What I need from you:
Please help me outline an EDA plan that includes:
Which variables from each dataset are most important to analyze
Recommended visuals (maps, scatterplots, histograms, correlations, etc.)
What each visualization should reveal or help answer
How to word the interpretation and insights under each plot
How to make the EDA complete, deep, polished, and visually strong
The goal is a detailed outline I can follow to fully complete the assignment.Here is the data provided:
Data overview
Dataset #1
- Dataset Name: Grain Consumption By Country For 2023
- Link to the dataset: Downloaded from: https://www.fao.org/faostat/en/#data/FBS
- Number of observations: 492
- Number of variables: 8
- Important variables:
- Country: The country the data is for
- Food Type: The type of food being measured based on its ingredients (wheat, barley, or rye)
- Food Supply By Weight: The available supply of a food type in the country in 2023 per person (in kg per capita)
- Daily Caloric Food Supply: The average daily supply of a food type in the country in 2023 per person (in kcal per capita per day)

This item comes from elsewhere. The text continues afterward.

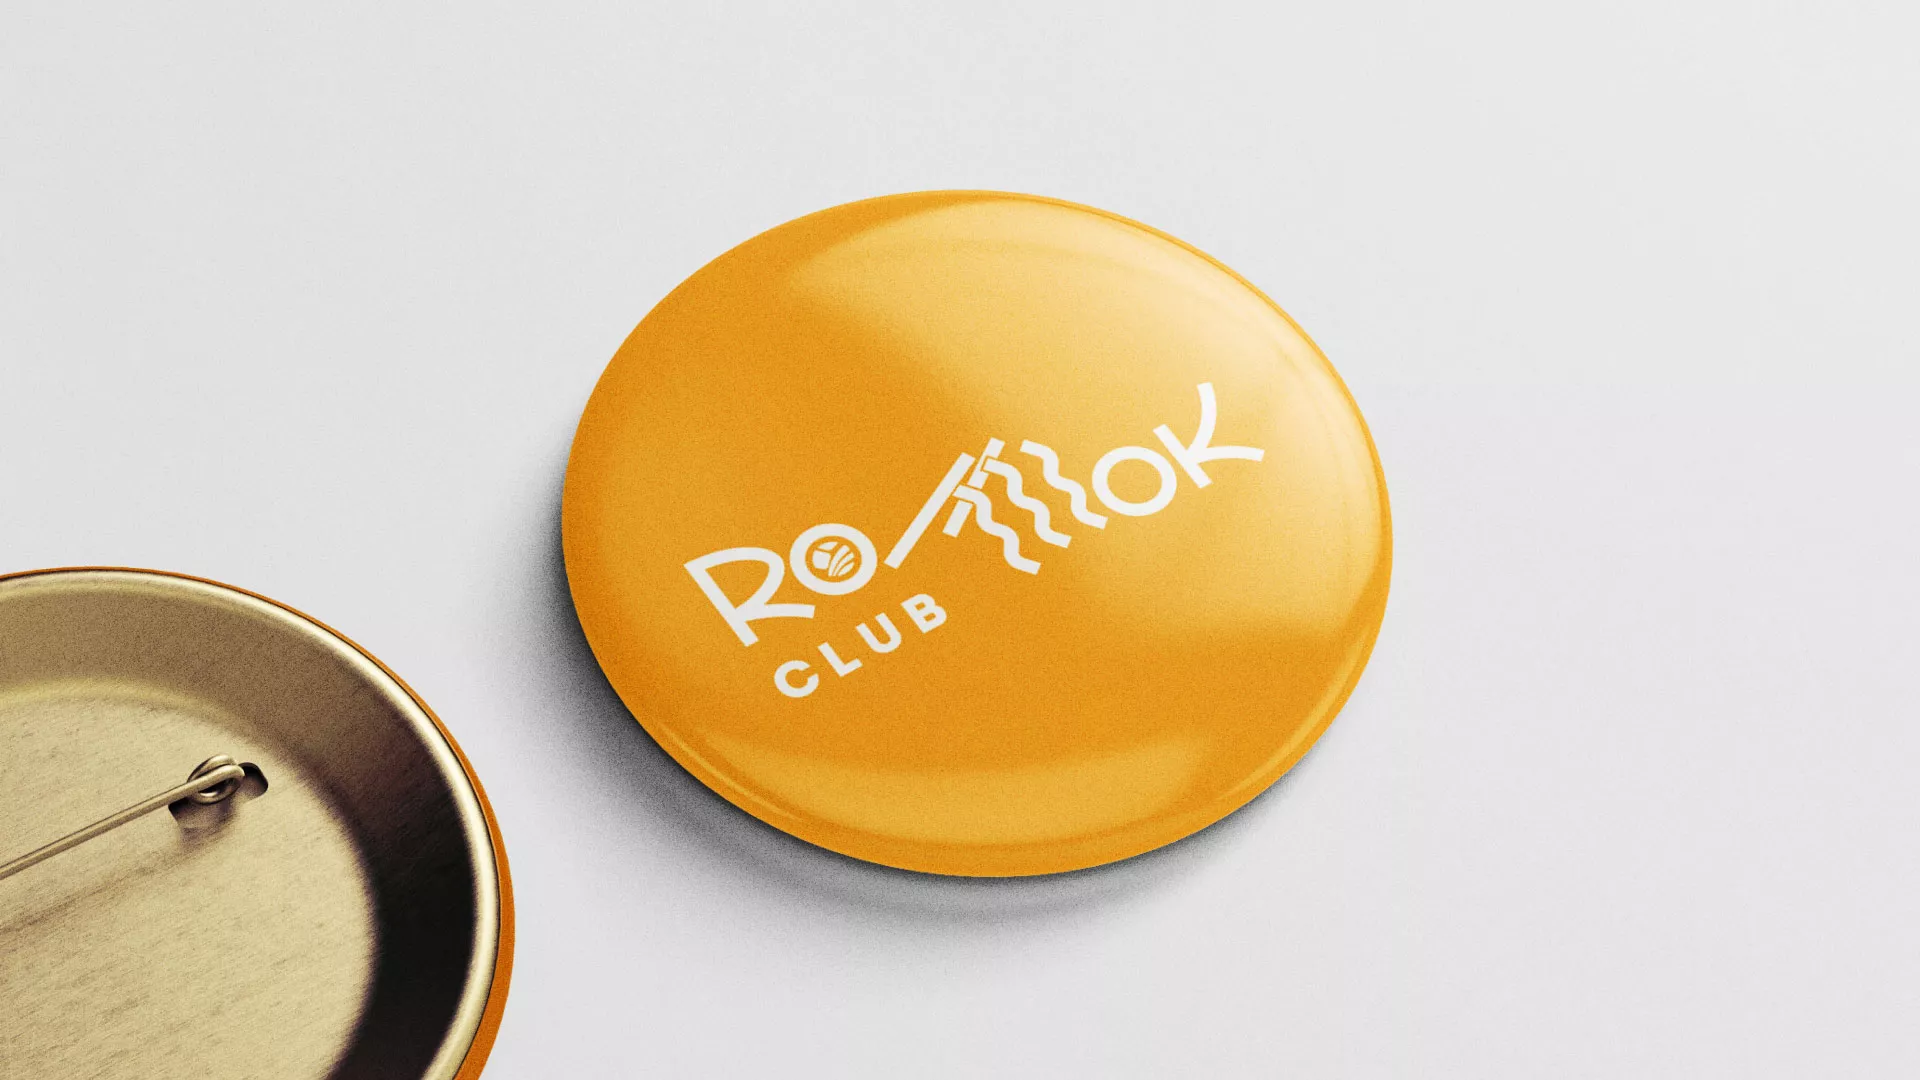 Создание логотипа суши-бара «Roll Wok Club» в Чкаловском

- Shortcomings include missing values for many countries when it comes to barley and especially rye, and that not every country is included in the dataset (though most are).
Dataset #2
- Dataset Name: Celiac Rates From Different Studies
- Link to the dataset: Copied from: https://doi.org/10.1016/j.cgh.2017.06.037
- Number of observations: 57
- Number of variables: 13
- Important variables:
- Country: The country a study was conducted in
- Patients With CD: Number and rate of patients found having celiac disease
- Population: The population the study was done on
- Bias Score: A prediction on how biased a study might be
- Some shortcomings are that these studies tend to be 10 to 20 years old, so could have outdated celiac rates, and that dataset does not have data for that many countries, since many studies are for the same country.
Dataset #3
- Dataset Name: European Celiac Rates
- Link to the dataset: Copied from: https://pmc.ncbi.nlm.nih.gov/articles/PMC4146836
- Number of observations: 14
- Number of variables: 2
- Important variables:
- Country: The European country the data is for
- Prevalence: The prevalence rate for celiac disease
- It is an extremely small dataset, with only 14 countries, and the data only has two variables, so it's unclear how the data was calculated, and on what populations it comes from.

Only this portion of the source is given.